▼
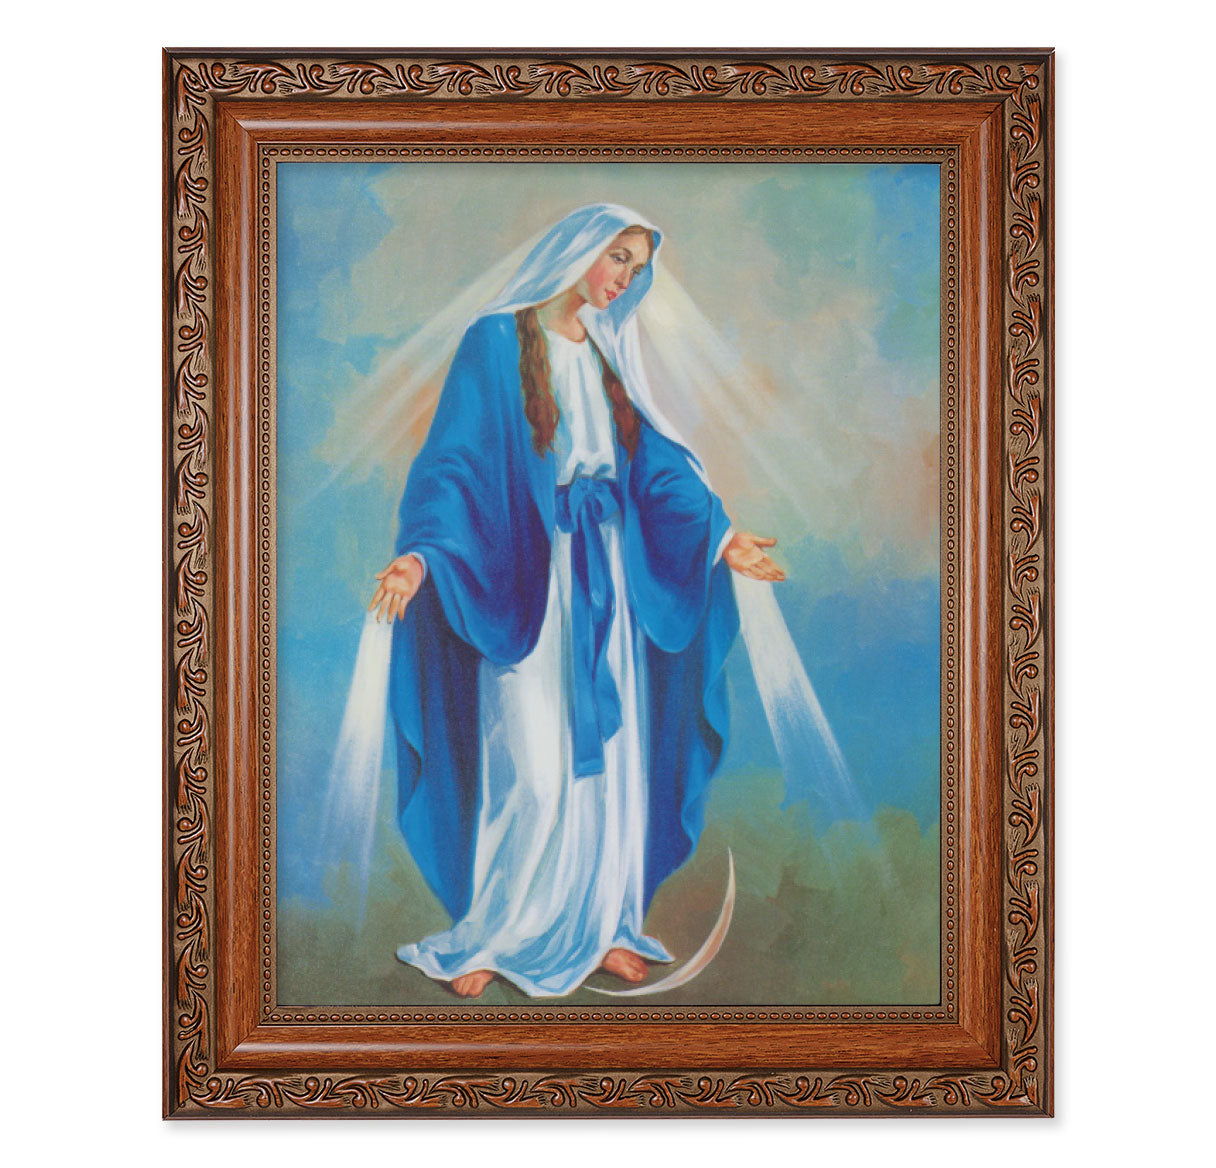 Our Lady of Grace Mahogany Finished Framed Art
▲
▼
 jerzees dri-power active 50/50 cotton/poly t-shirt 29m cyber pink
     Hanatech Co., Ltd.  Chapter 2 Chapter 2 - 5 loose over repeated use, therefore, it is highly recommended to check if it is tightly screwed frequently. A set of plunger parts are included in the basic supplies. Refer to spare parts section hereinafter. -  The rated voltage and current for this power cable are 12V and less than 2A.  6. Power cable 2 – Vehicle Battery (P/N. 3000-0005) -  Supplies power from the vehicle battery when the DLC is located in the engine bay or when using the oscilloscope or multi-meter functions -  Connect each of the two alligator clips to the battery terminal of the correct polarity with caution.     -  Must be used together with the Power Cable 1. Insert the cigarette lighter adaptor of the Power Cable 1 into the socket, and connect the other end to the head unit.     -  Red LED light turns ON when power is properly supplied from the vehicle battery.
▲
▼
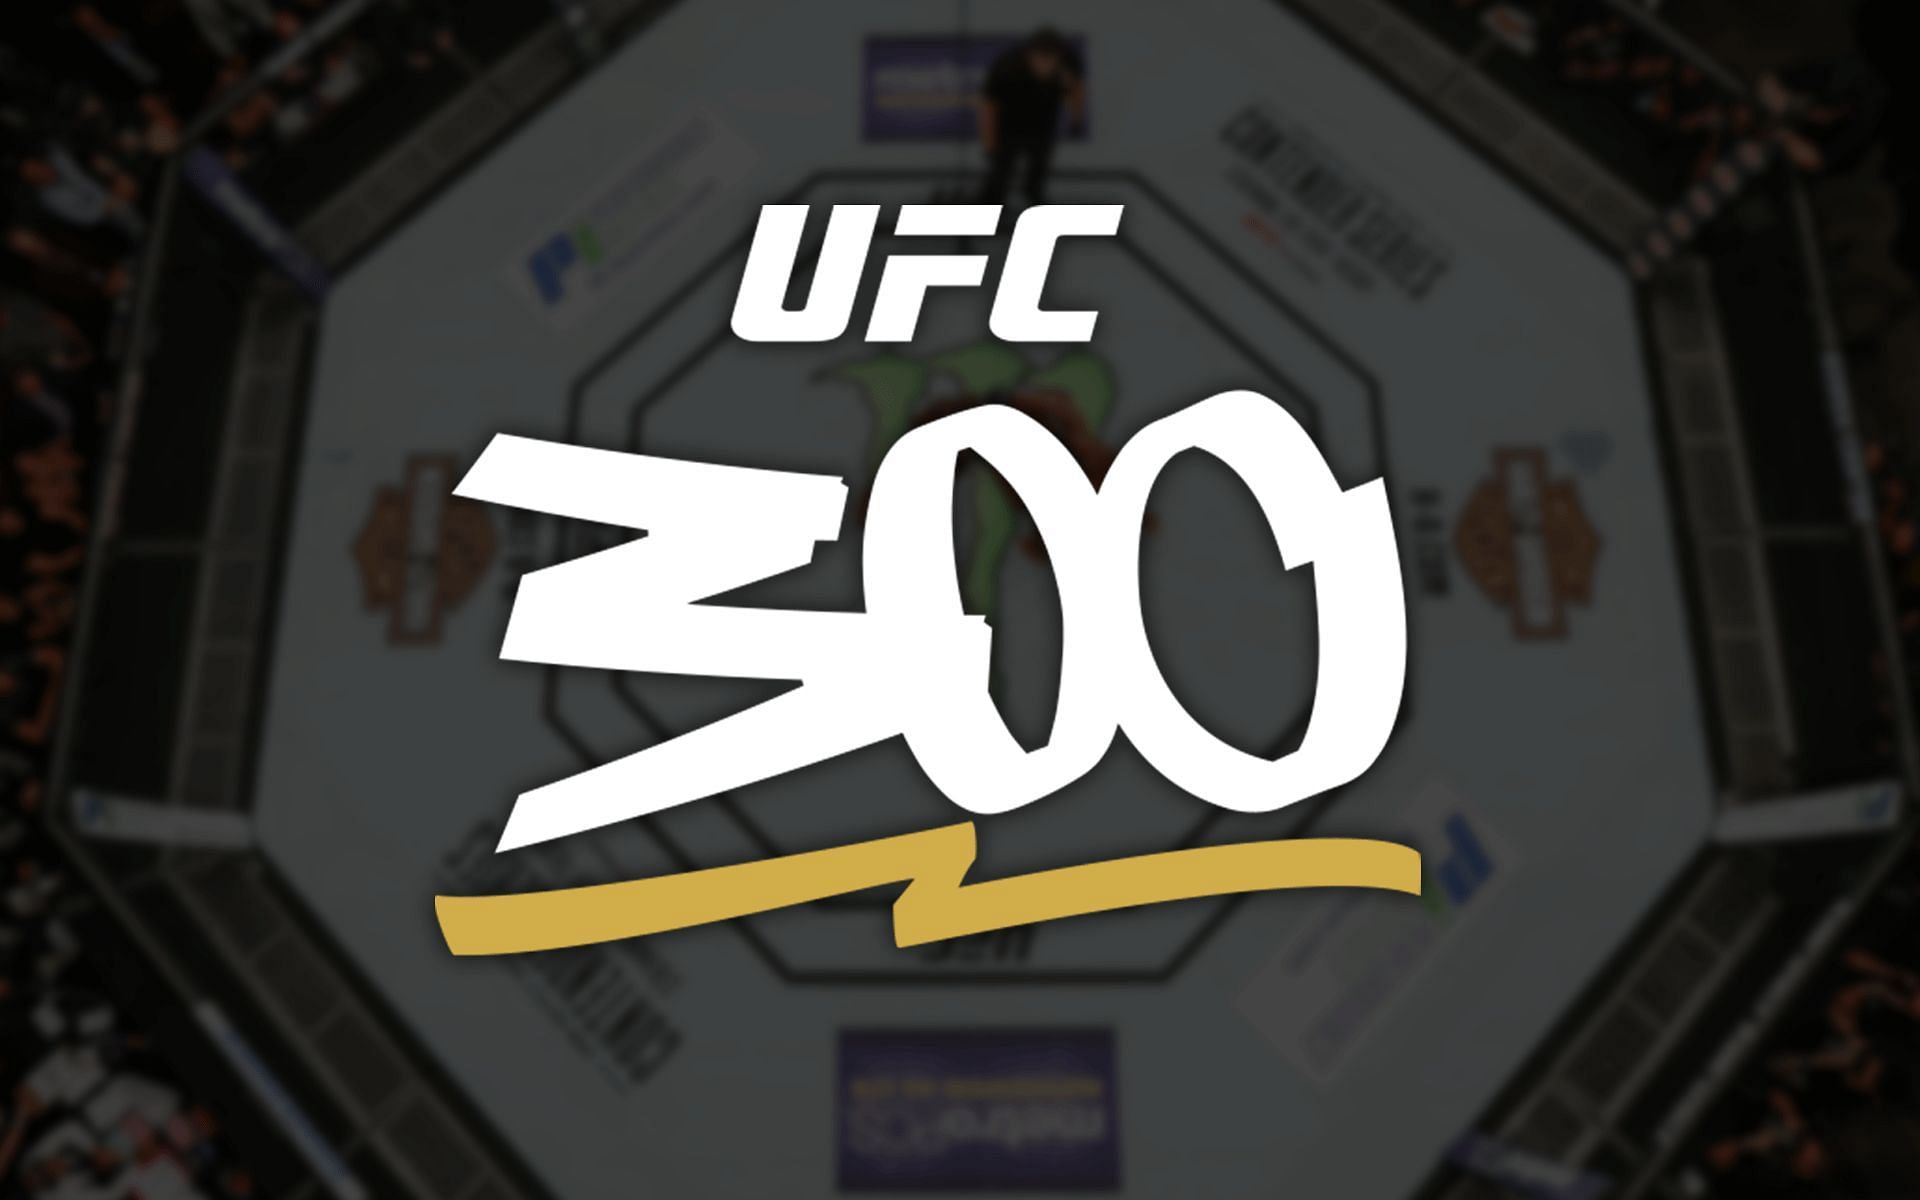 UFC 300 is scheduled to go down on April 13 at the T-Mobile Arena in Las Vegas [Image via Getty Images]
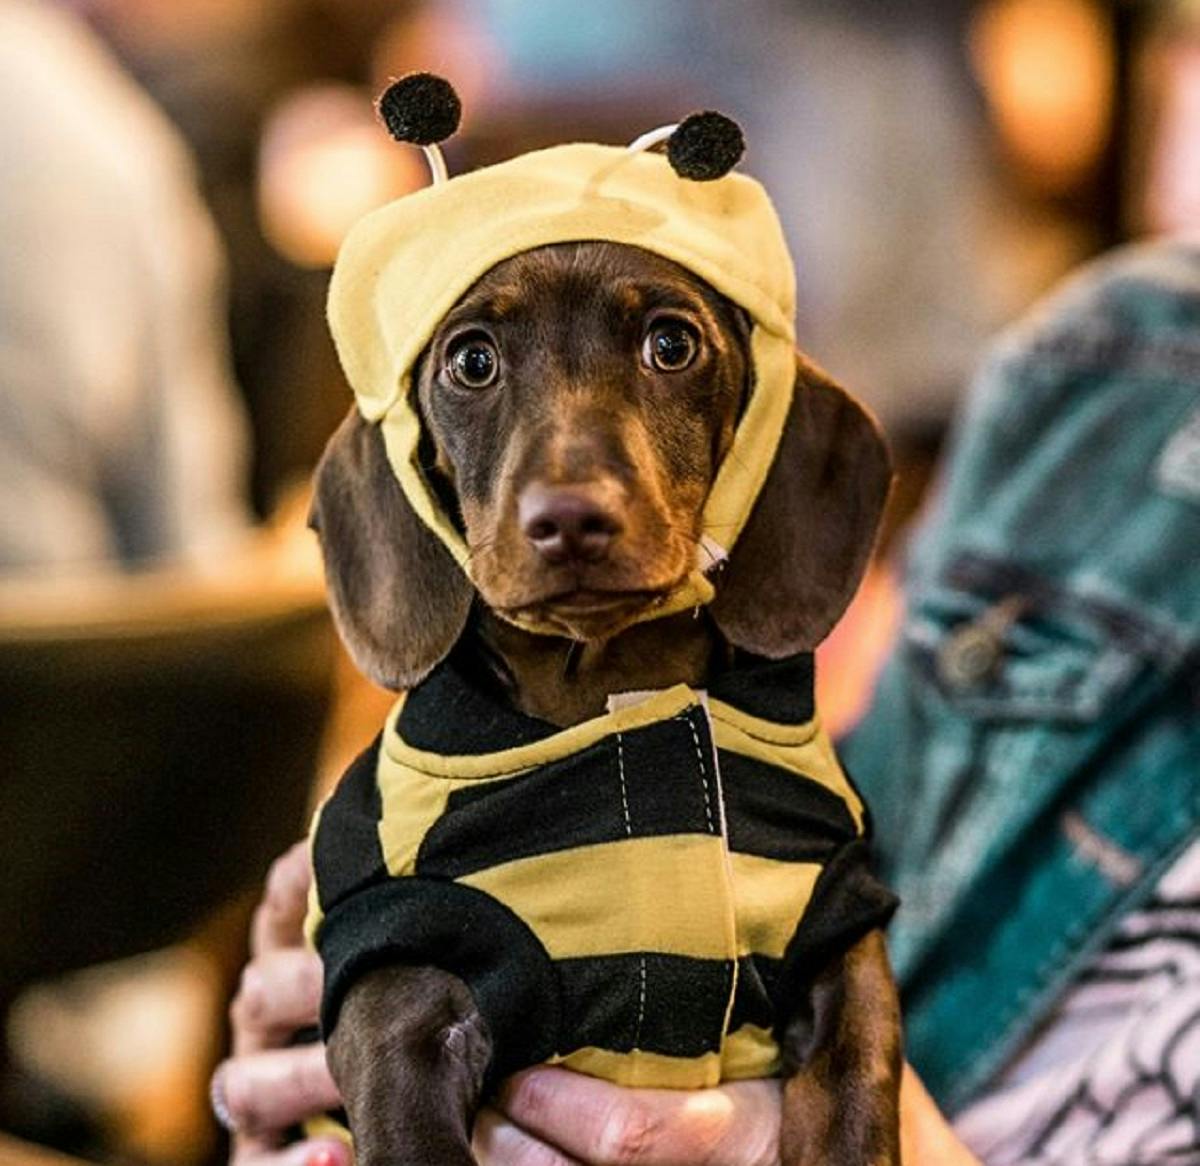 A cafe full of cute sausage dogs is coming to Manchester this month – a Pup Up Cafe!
▲
ASSIGNMENT »
Within the data, how many lines hold the word "power"? State only that number.

SOLUTION »
2